Javier / Grupo Cantón
La denuncia contra un profesor del Colegio de Bachilleres Cancún Uno ha generado incertidumbre entre estudiantes, padres y docentes, quienes piden una investigación imparcial y mayor seguridad en el plantel.
Cancún.- El presunto caso de acoso denunciado por una alumna contra un profesor de Química del Colegio de Bachilleres Cancún Uno ha generado un ambiente de incertidumbre entre la comunidad educativa, donde padres de familia, estudiantes, docentes y exalumnos solicitaron que las autoridades esclarezcan los hechos con apego al debido proceso y garanticen la seguridad dentro del plantel.
La situación cobró mayor relevancia luego de que, de acuerdo con testimonios difundidos entre integrantes de la escuela, una persona ajena a la institución ingresó a las instalaciones y presuntamente agredió físicamente al docente frente a estudiantes, generando momentos de tensión.
Hasta el momento, las autoridades no han informado oficialmente sobre la situación jurídica del profesor ni sobre su estado de salud, mientras las investigaciones permanecen abiertas.
En medio del proceso, decenas de estudiantes, maestros y exalumnos han manifestado públicamente su respaldo al docente mediante mensajes en redes sociales, donde destacan su trayectoria de más de dos décadas como profesor de Química y lo describen como un maestro comprometido con la formación académica y personal de varias generaciones.

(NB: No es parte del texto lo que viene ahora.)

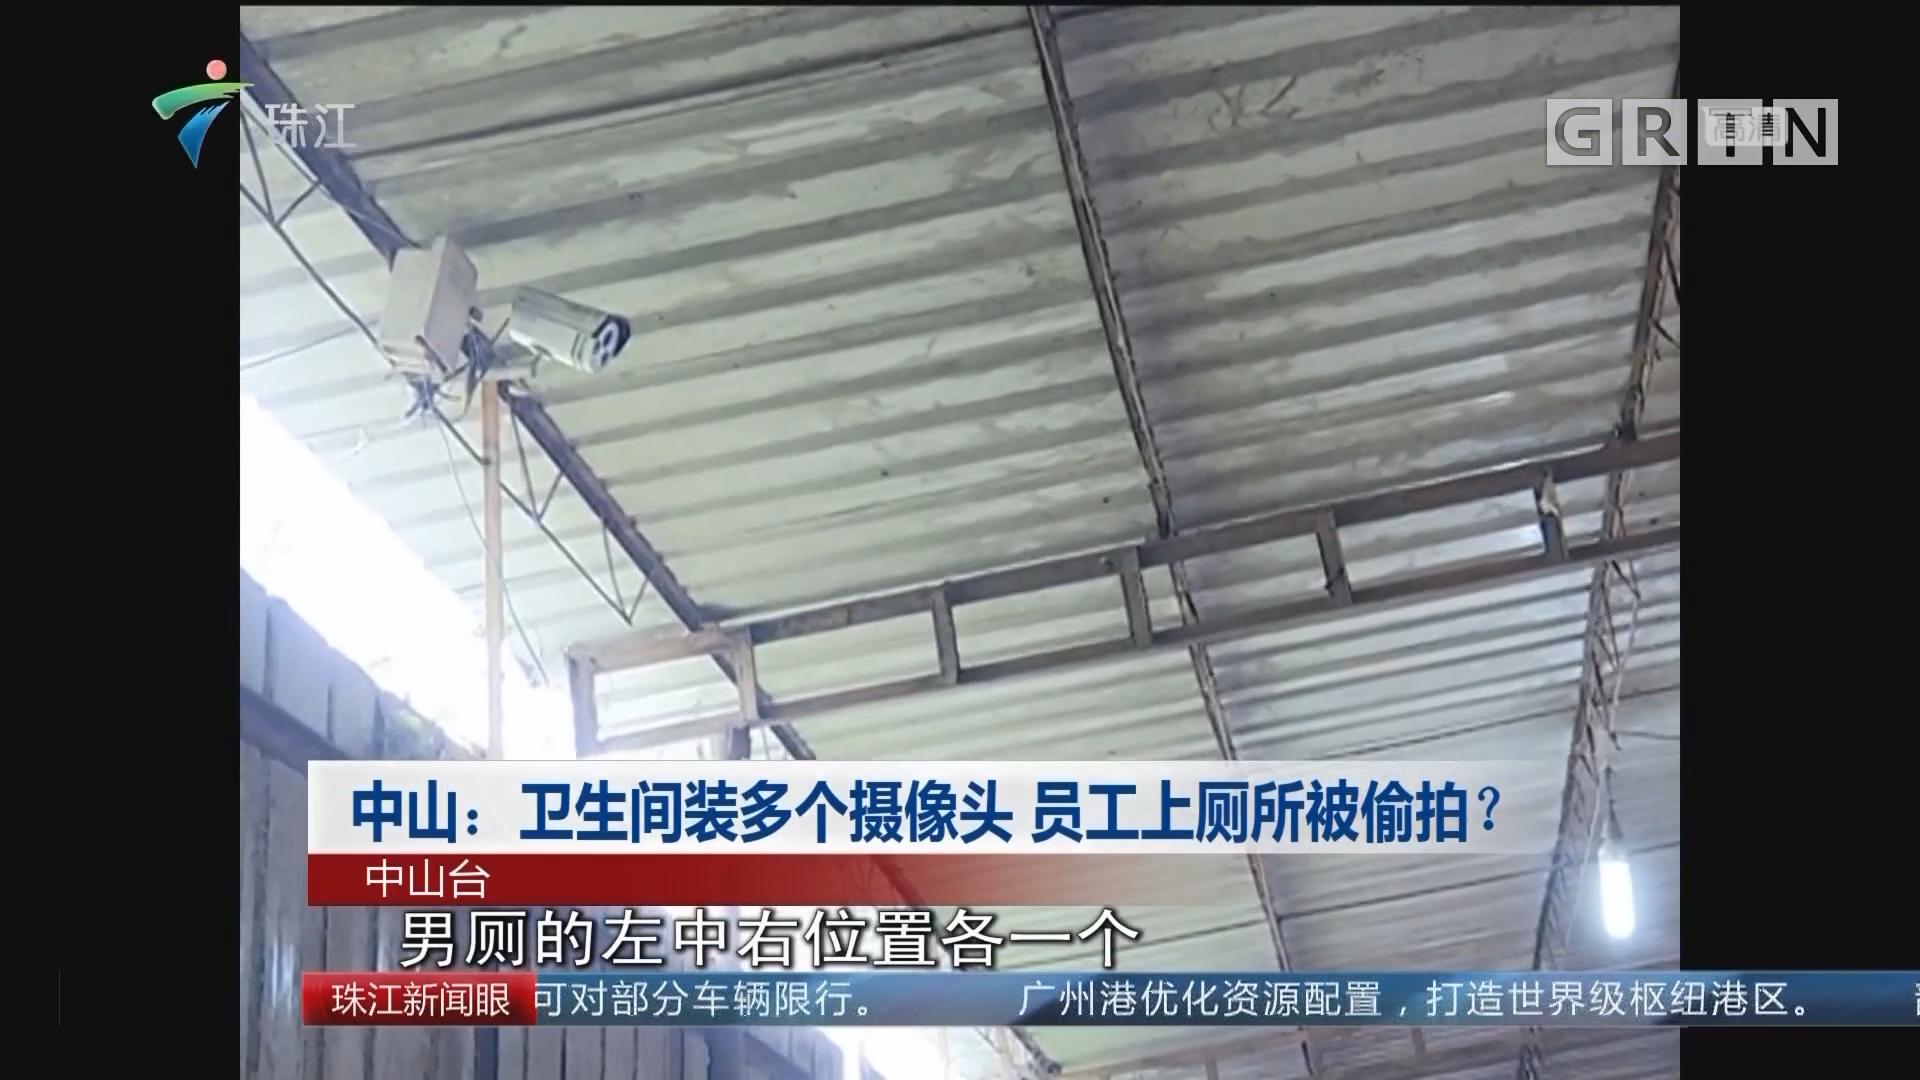 中山:卫生间装多个摄像头 员工上厕所被偷拍?
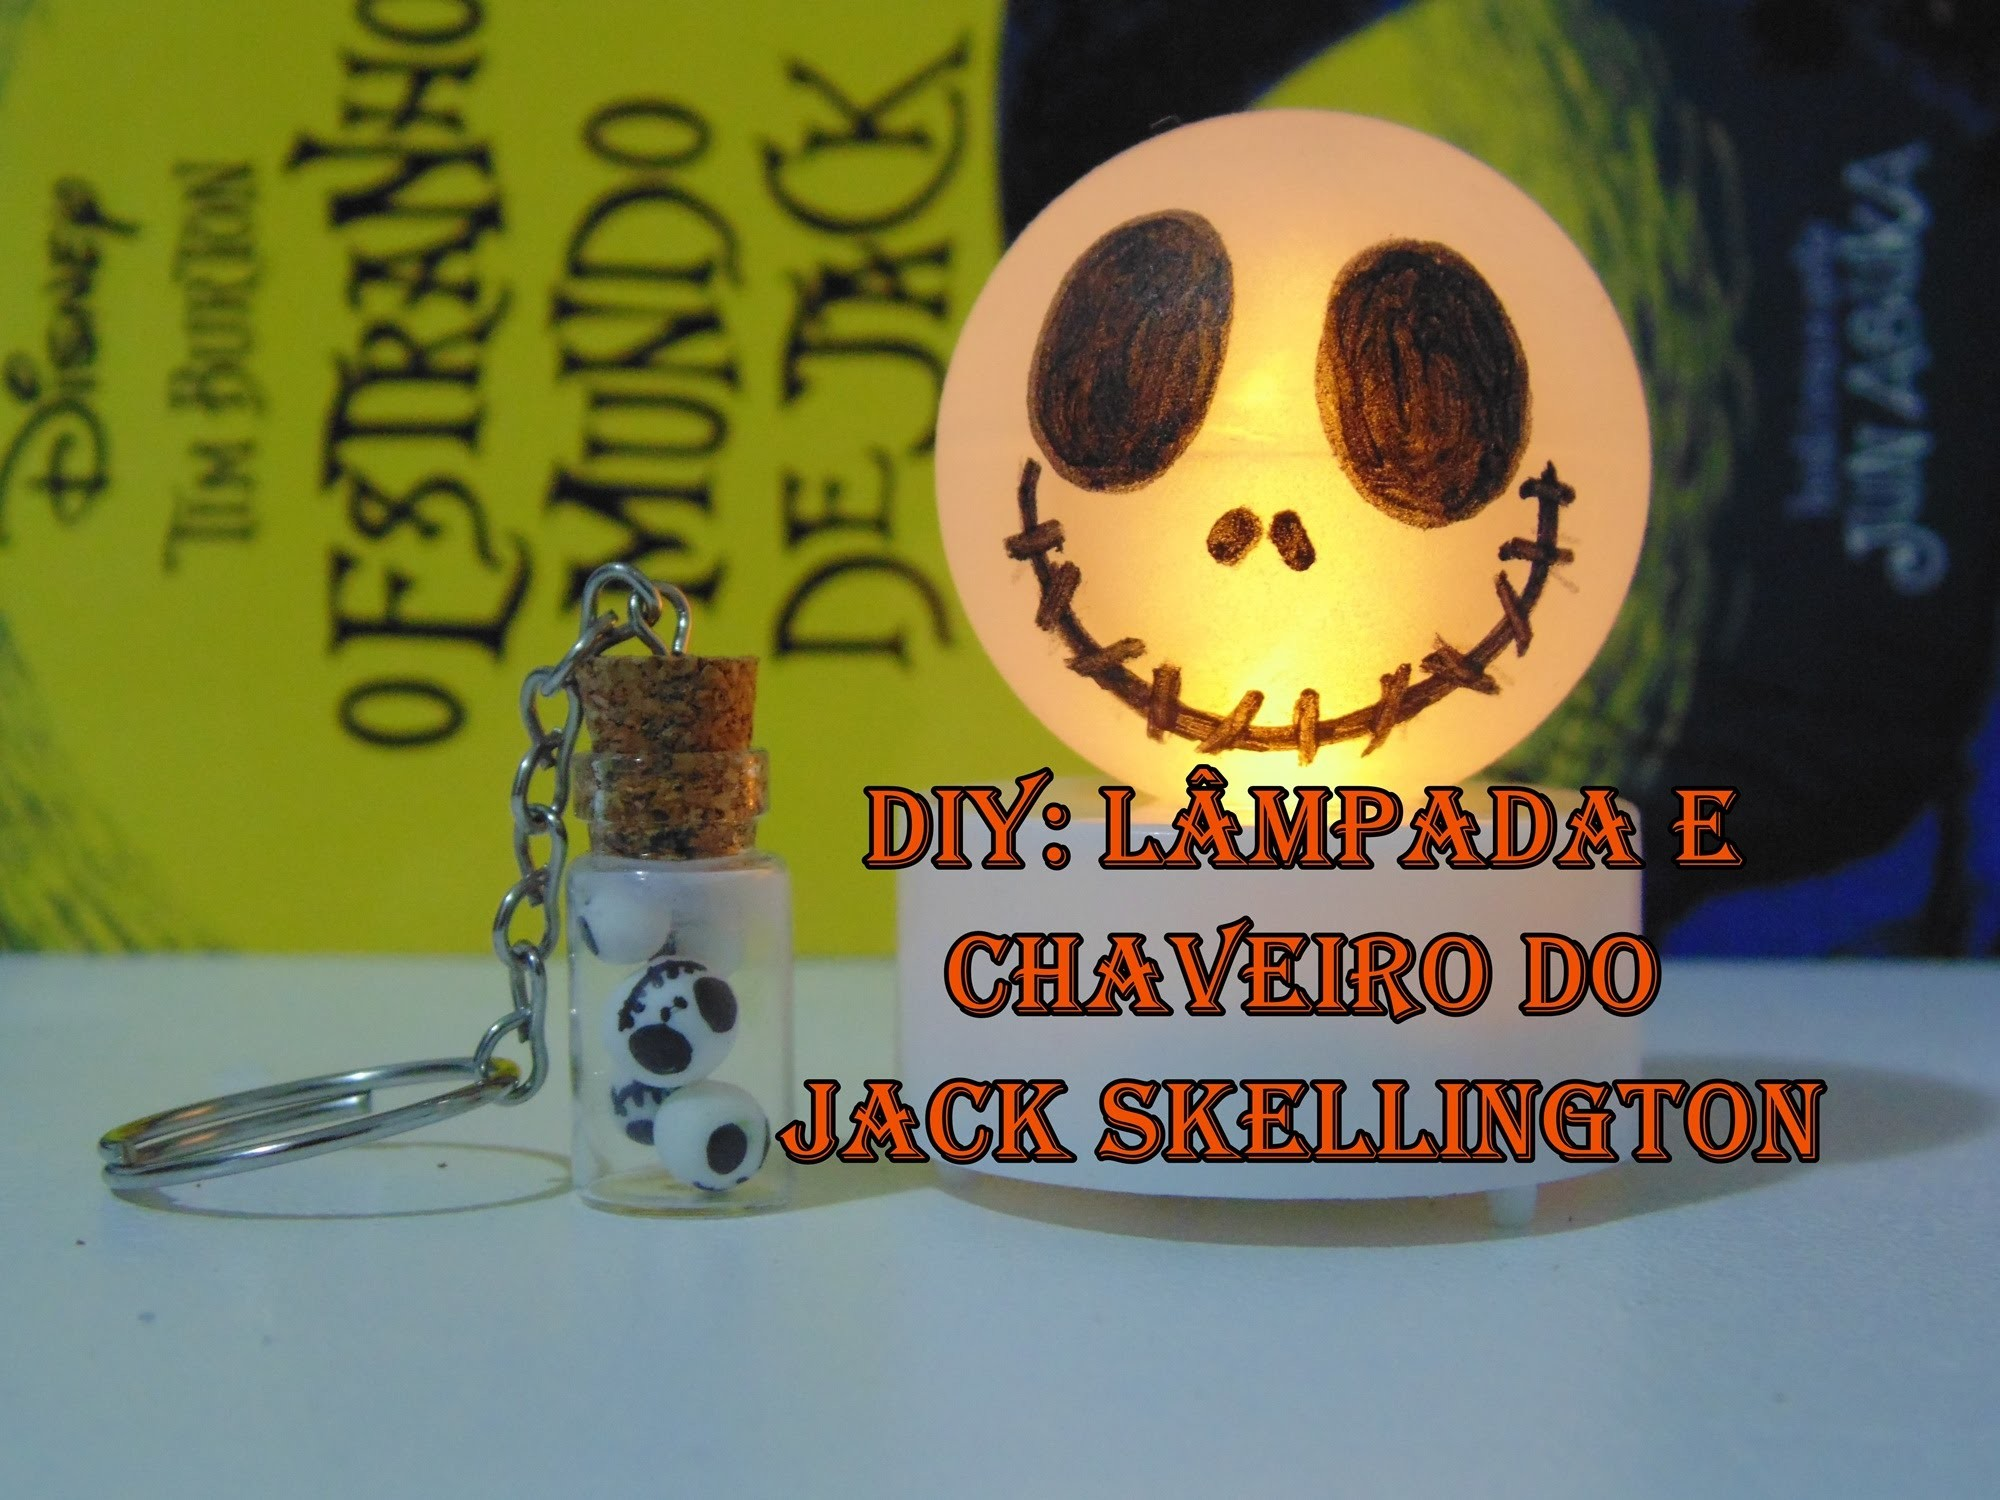 DIY Lampada e Potinho do Jack Skellington

“Fue más que un maestro“, coinciden diversos testimonios, en los que también recuerdan que el profesor fungió como consejero y tutor para numerosos alumnos durante su trayectoria educativa.
No obstante, quienes han expresado su apoyo también han insistido en que el caso debe resolverse mediante una investigación imparcial, respetando el debido proceso y los derechos tanto de la denunciante como del docente.
Solicitan intervención de autoridades
Padres de familia y estudiantes hicieron un llamado a la Fiscalía General del Estado y a la Secretaría de Educación de Quintana Roo para que el caso sea investigado con transparencia y objetividad, además de revisar las condiciones de seguridad dentro del plantel.
La comunidad educativa coincidió en que el objetivo debe ser garantizar un entorno seguro para alumnos, docentes y personal administrativo, al tiempo que las investigaciones continúan conforme a derecho y sin prejuzgar la responsabilidad de las personas involucradas.